Bruce talked about driving in his family car past a shivering woman standing at a bus stop in Toronto.  Virtually no one, he said, would prefer to be in the cold rather than in a warm automobile.  That is emblematic of the uphill struggle to make public transportation appealing, which he described as a challenge for planners and designers alike.  To some in the room, talk of a futuristic transit system that offers greater comfort than riding in a luxury car may have seemed incongruous due to our state's current inability to provide for the basic needs of public transportation.  But that is what we need to do as long-range planners -- to entertain radical possibilities that could bring ideal solutions for residents of the future.  As Bruce put it, we can't address 21st Century problems with 20th Century solutions.  Just in terms of energy consumption, he pointed out, we would need four Planet Earths if everyone in the world lived America's lifestyle.  And as we all know, that is exactly what most of the world is trying to do.

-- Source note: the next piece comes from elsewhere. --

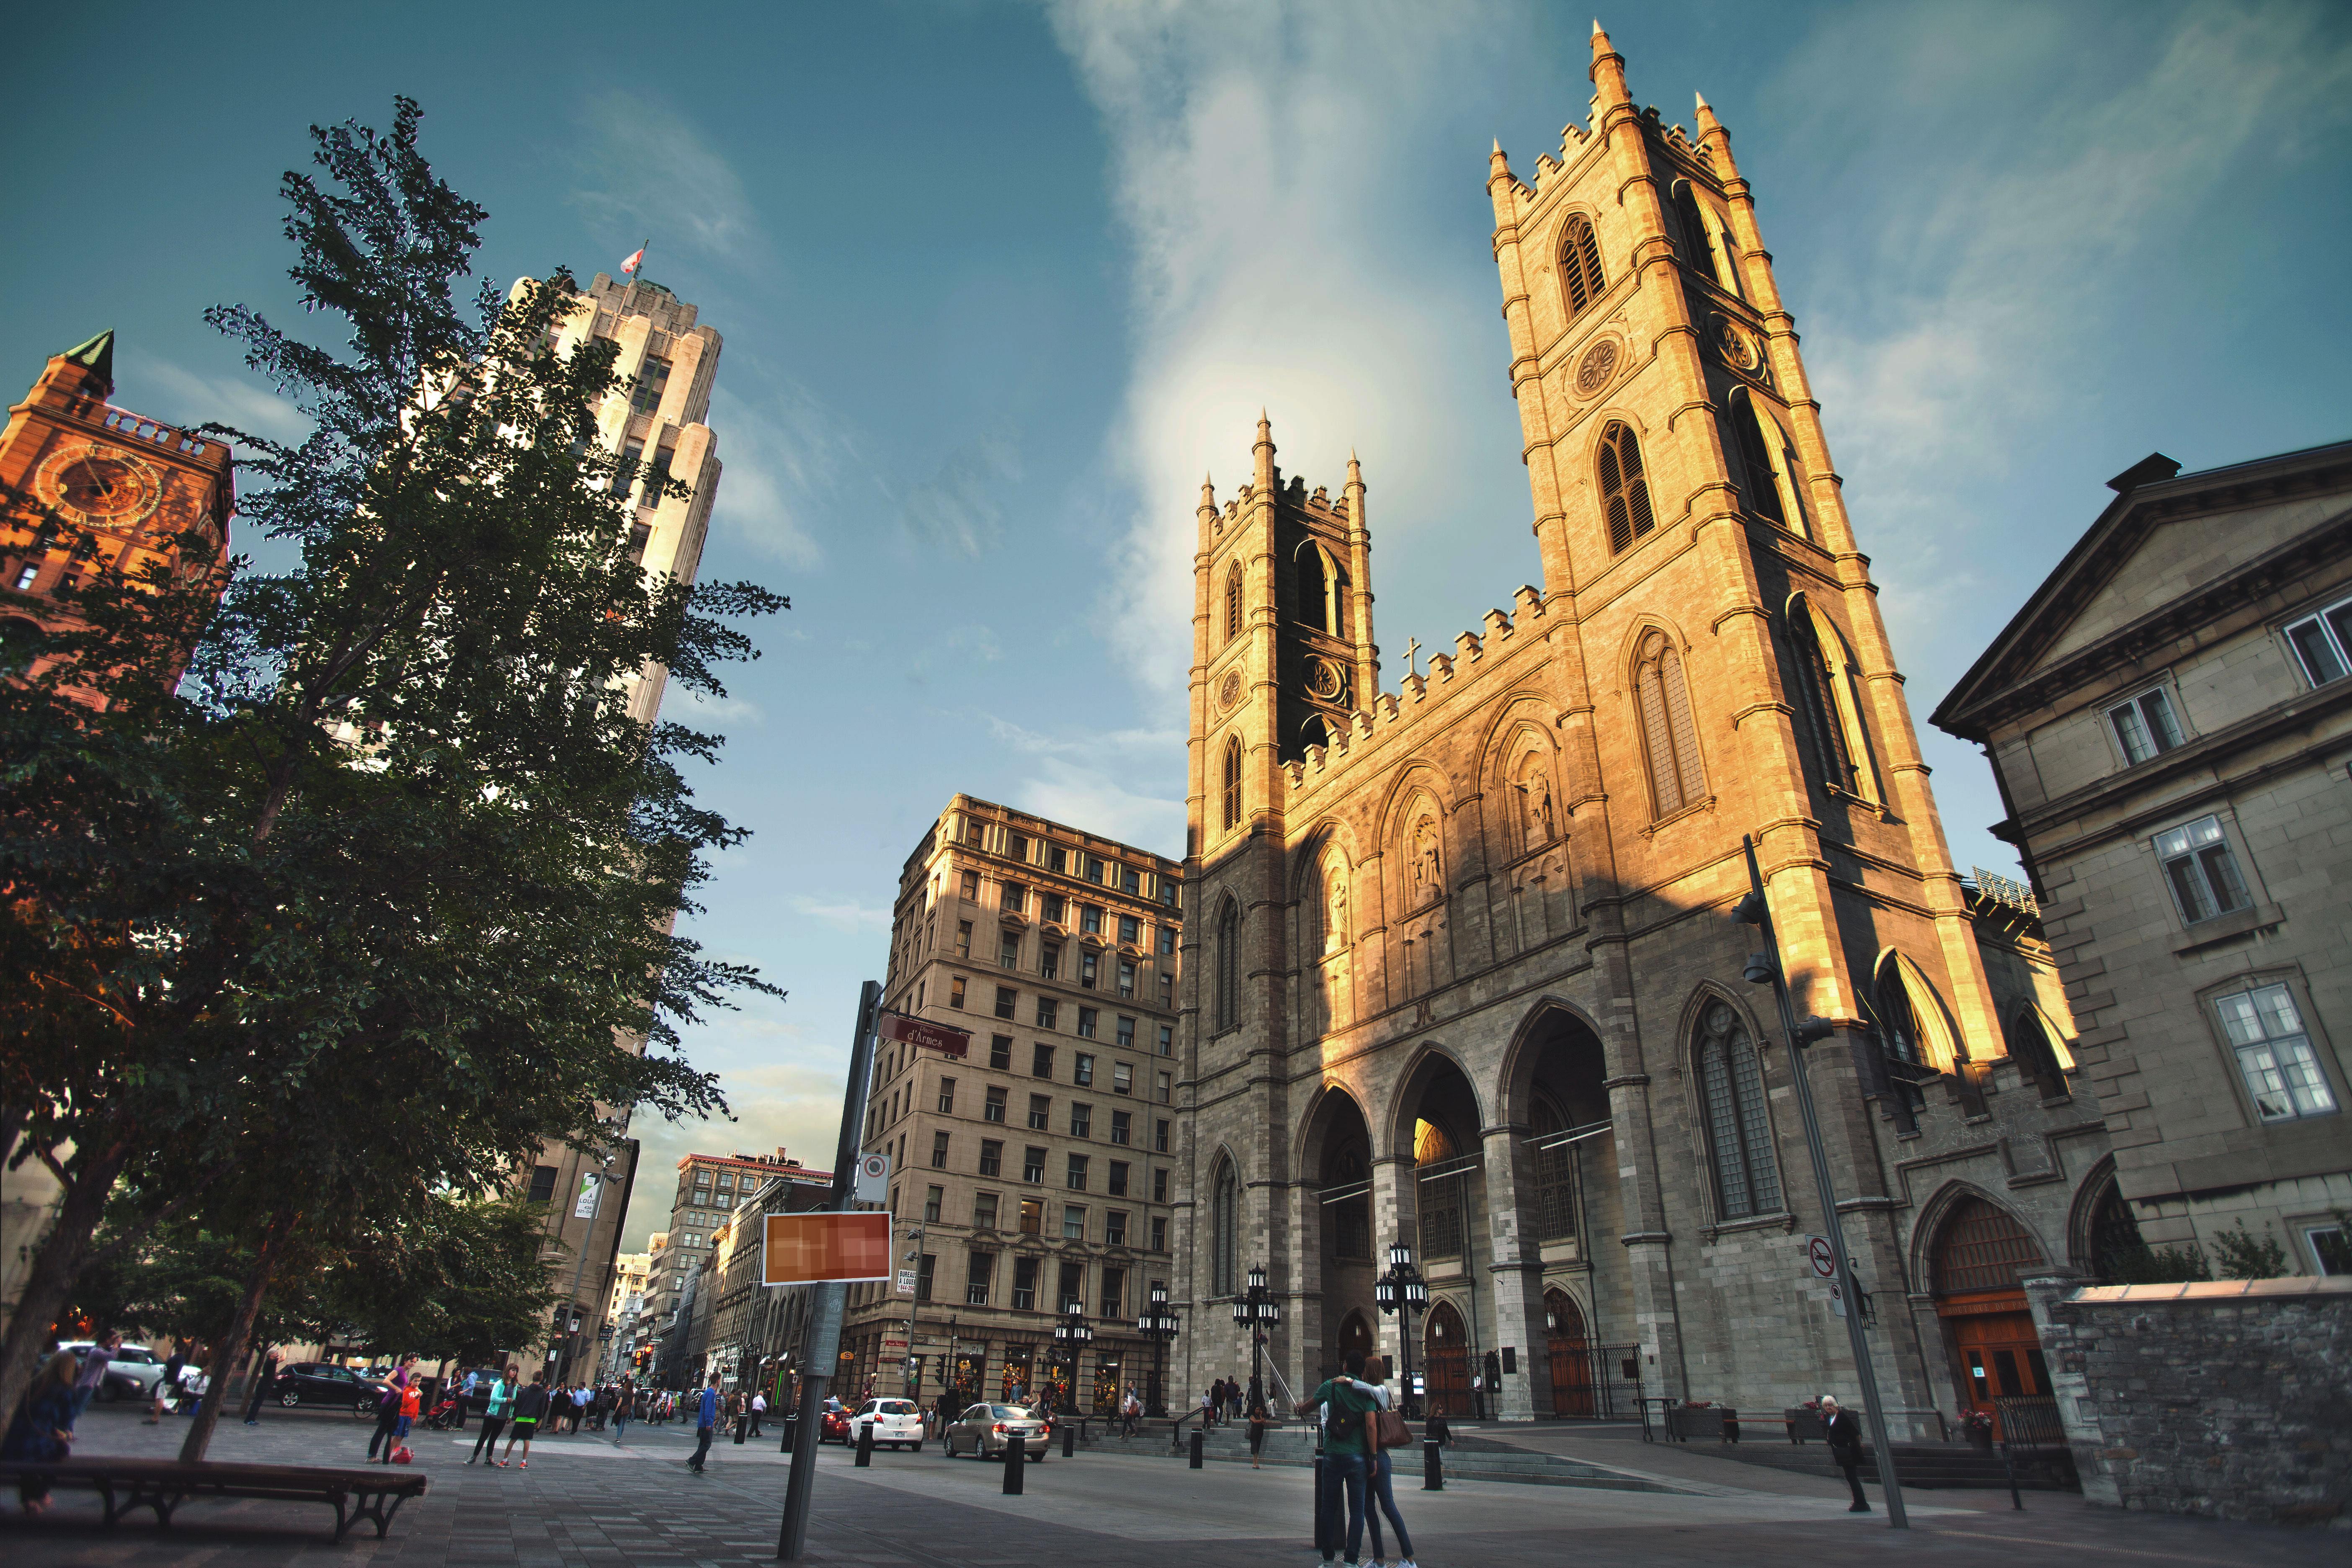 蒙特利尔圣母大教堂旅游景点图片

The second half of the visioning event was a highly interactive exercise in which participants at themed tables refined the draft vision statements that were based on earlier input from our Working Committees.  Following our invited speakers' presentations, attendees at 20 round tables considered the draft vision themes that were included in the event program (http://www.chicagoareaplanning.org/news/pdf/visioning_program_9-12-07.pdf). Each table was assigned a particular theme, and divided into small teams to review and suggest modifications to each bullet point within this theme. Each small team then presented their modified bullet point to the entire table, and through a facilitated discussion, general consensus was reached at each table on the content of the overall theme. CMAP staff facilitators captured these inputs, which were quickly typed in and shown on a projection screen so that the entire room could view the results of each table's work.

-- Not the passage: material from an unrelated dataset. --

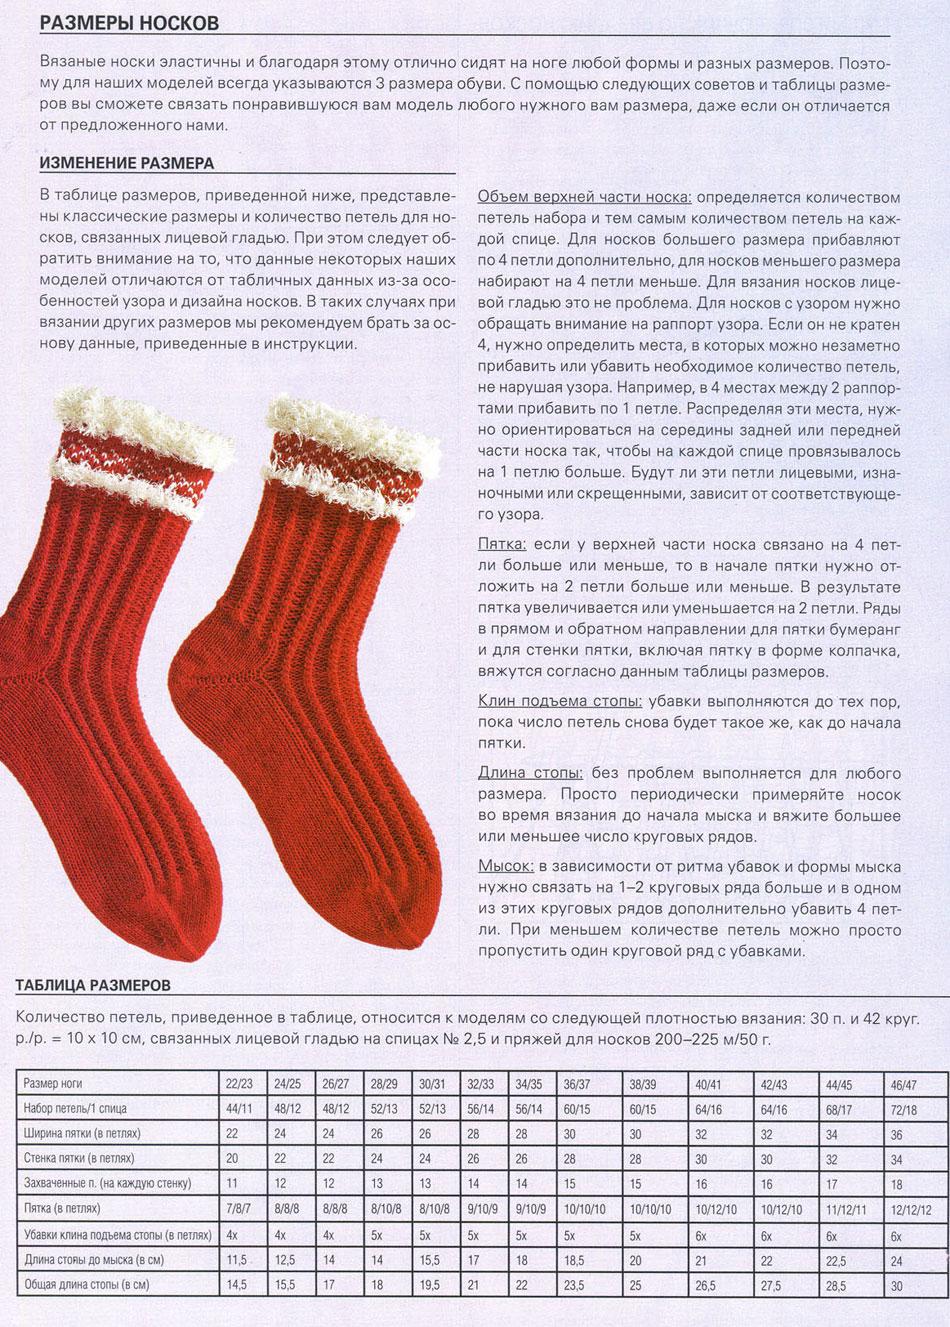 Размеры спиц для вязания носков

Keypad polling devices were then used to let each attendee rate each theme statement. This technology, which we have used at past events as well, lets participants in large meetings vote anonymously and quickly on questions that are asked, with the results of the voting available instantaneously. The use of keypad polling gave participants and staff immediate feedback on how well the vision statements that were crafted met participants' expectations. Some theme statements that were developed at the event – most notably, on the topics of Environmental Health, Education and Workforce Development, Economic Competitiveness, and Quality of Life – received strong support from the audience as a whole. Other themes were more challenging, and require more work by us and our partners. (Please note, however, that this means only that attendees approved of how those themes were expressed and were not stating a preference for one theme over another.) We also gathered input about current aspects of the region that attendees consider most valuable, as well as collecting ideas about combining or grouping theme categories.

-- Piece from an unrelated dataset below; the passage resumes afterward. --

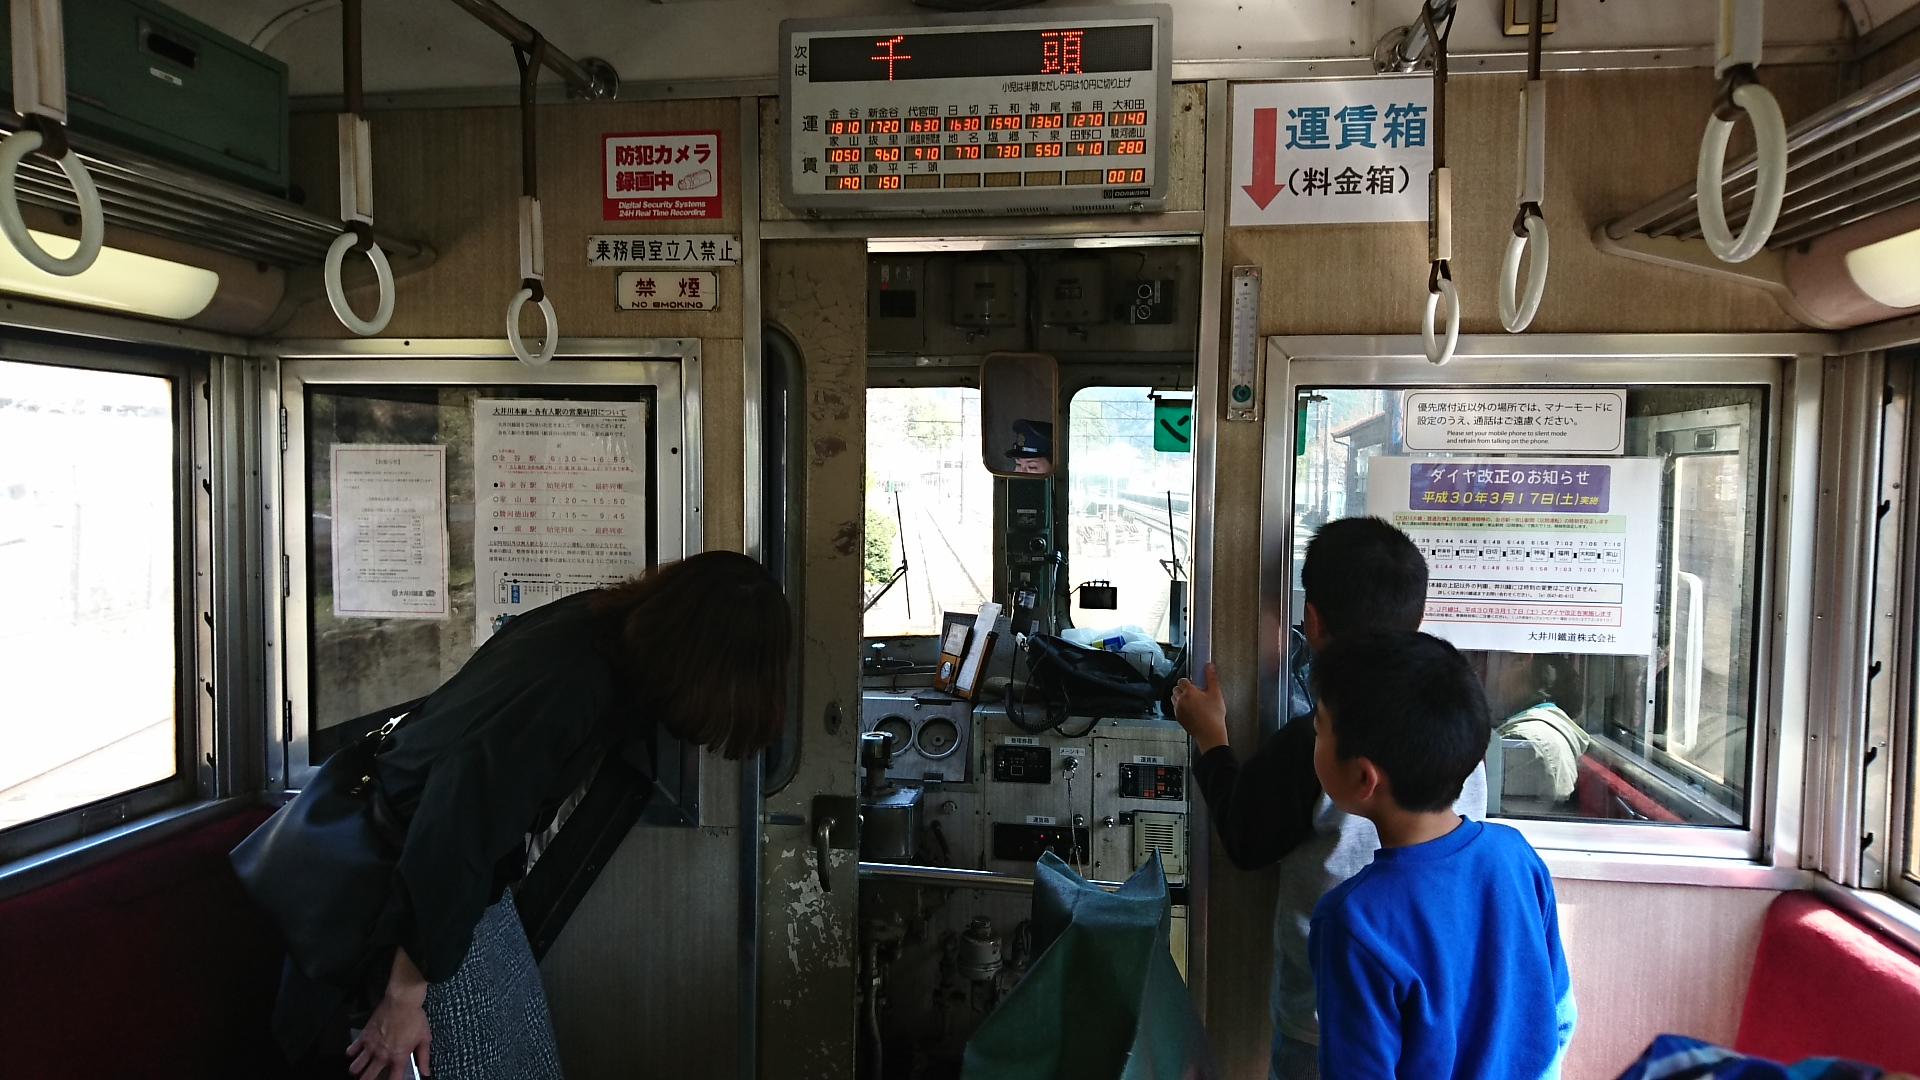 2018.3.28 大井川本線 (60) 千頭いきふつう - 千頭 1920-1080

Our staff is now revising the vision themes based on the event's complex qualitative input (i.e., text written by participants and facilitators) and quantitative input (i.e., polling results) to develop new versions that will be reviewed by CMAP working committees in October. Also in October, we will post a web survey and create a comparable paper survey that will let any resident of the region rate and comment on the current vision themes. At the same time, CMAP staff will be meeting with stakeholders across the region to describe the draft vision and our process that will culminate next spring, when we will ask the CMAP Board and the MPO to endorse the regional vision. This document will guide the remainder of our work on the Regional Comprehensive Plan, leading to its publication in 2010.